The second row shows what happens to workers who move from self-employment to wage work. The main result here is that they are more likely to return back to self-employment just one quarter later and less likely to persist in wage work.
Workers who move from self-employment to wage work in developing countries also earn low wages. The next figure compares the wages of workers who were previously self-employed to the wages of workers who were previously non-employed. In rich countries, self-employment leads to higher wage work, while in developing countries self-employment and non-employment both lead to lower-wage work. Altogether, self-employment in developing countries does not appear to be a steppingstone to better jobs.
Workers are also more likely to separate from (but not find) wage work in developing countries. We find that this is mostly accounted for by workers in low-earnings jobs. For example, workers in the top earnings decile in Denmark separate at a rate of 6 percent quarter, which is not too different from the 10 percent rate in Peru. But in the bottom earnings decile the figure for Denmark is 20 percent, while for Peru it is 63 percent.

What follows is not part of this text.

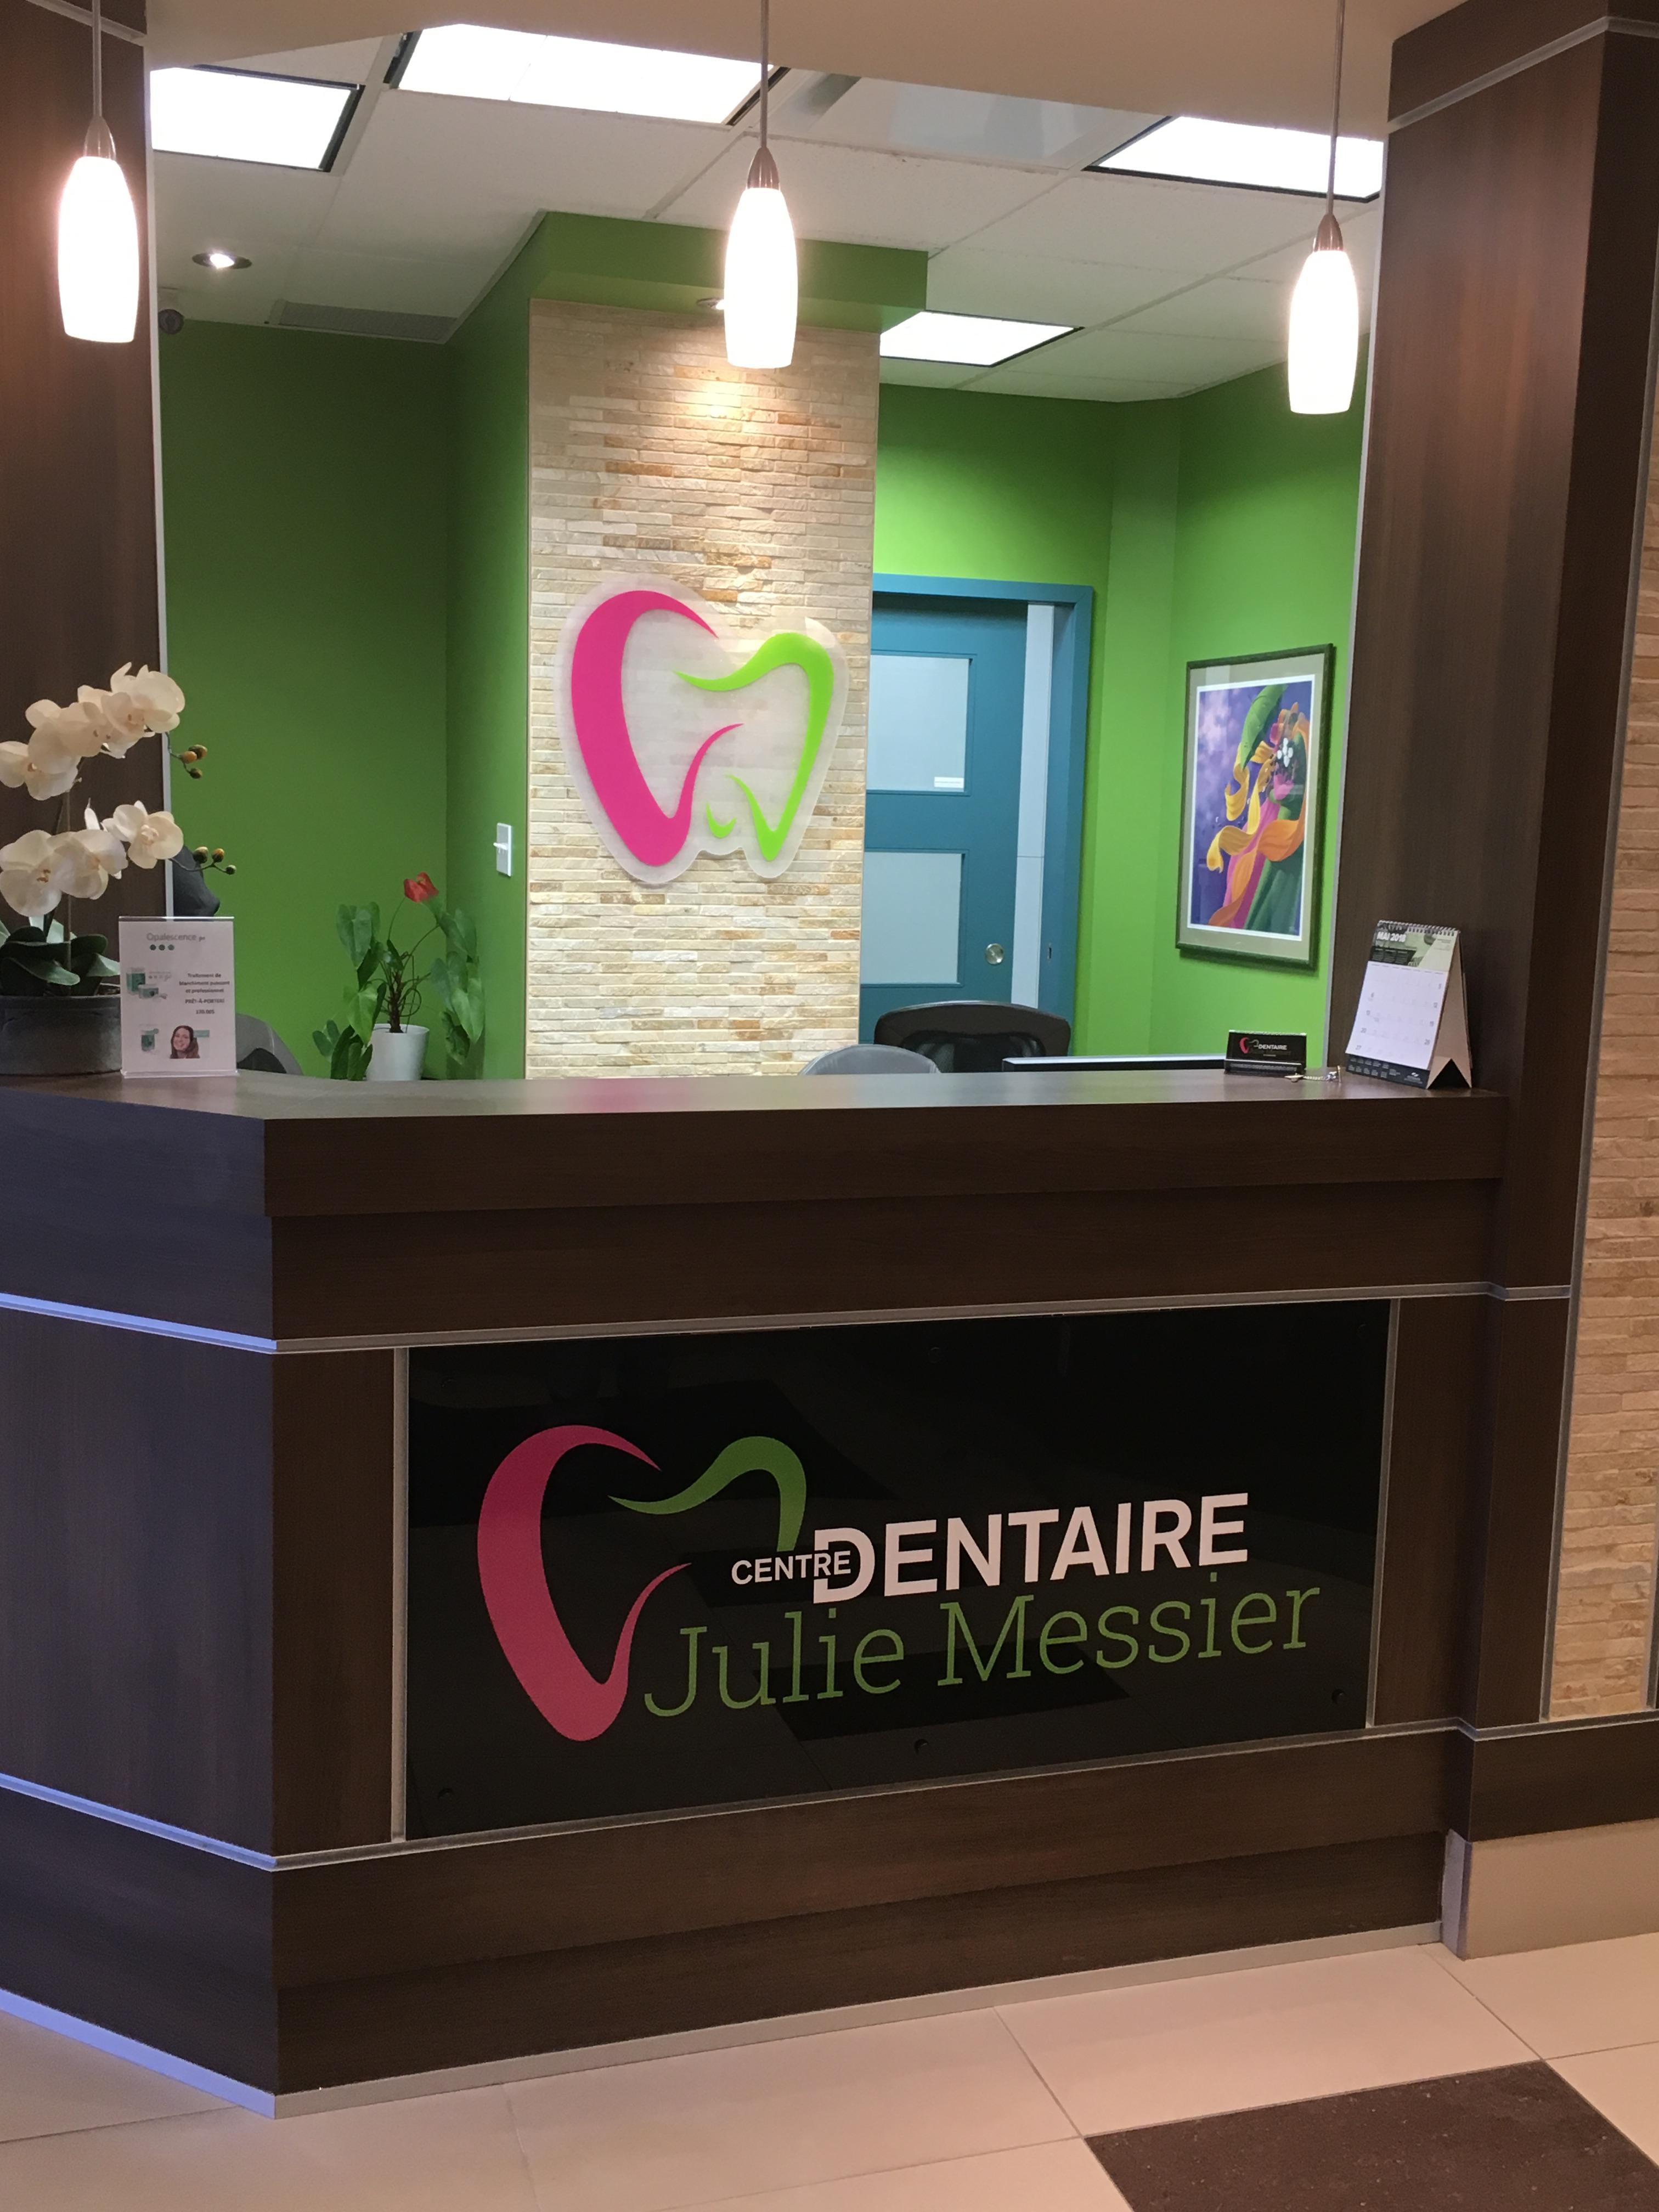 centre-dentaire-julie-messier-affichage-accueil

Alternatively, the lowest earners in Denmark separate at the same rate as those in the eighth earnings decile in Peru. This result holds more broadly. The next figure shows the semi-elasticity of the separation rate with respect to GDP per capita, computed separately for each earnings decile.
The separation rate is more strongly negatively correlated with development for lower earnings deciles. The correlation is approximately 5 times stronger for the lowest earnings decile than the highest.
Putting it all together: Poverty and Turnover
When we combine all of this evidence, we come to the conclusion that the aggregate turnover we observe is primarily a consequence of poverty, in that it depends on (1) the differential role of self-employment and (2) the set of low-earnings jobs available in low and middle income countries. We use accounting decompositions to show that these low-earnings, high-turnover jobs employ young workers with low levels of education and less skilled occupations. That is, the results are driven by exactly the types of jobs and workers that are more prevalent in developing countries.
While our work stops short of any explicit policy recommendations, it suggests fruitful margins on which to focus. Developing better and more stable wage jobs – via education policy or industrial shifts – may help lower turnover. This lower turnover may have important implications for on-the-job-training and other forms of human capital accumulation that benefit from stable employment relationships. While understanding such links requires more detailed data, we hope our results can provide a motivating guide for such work in the future.
The views expressed herein are those of the authors and are not necessarily those of the Central Bank of Chile, its Board members, the Federal Reserve Bank of Minneapolis, the Federal Reserve System, or the data providers.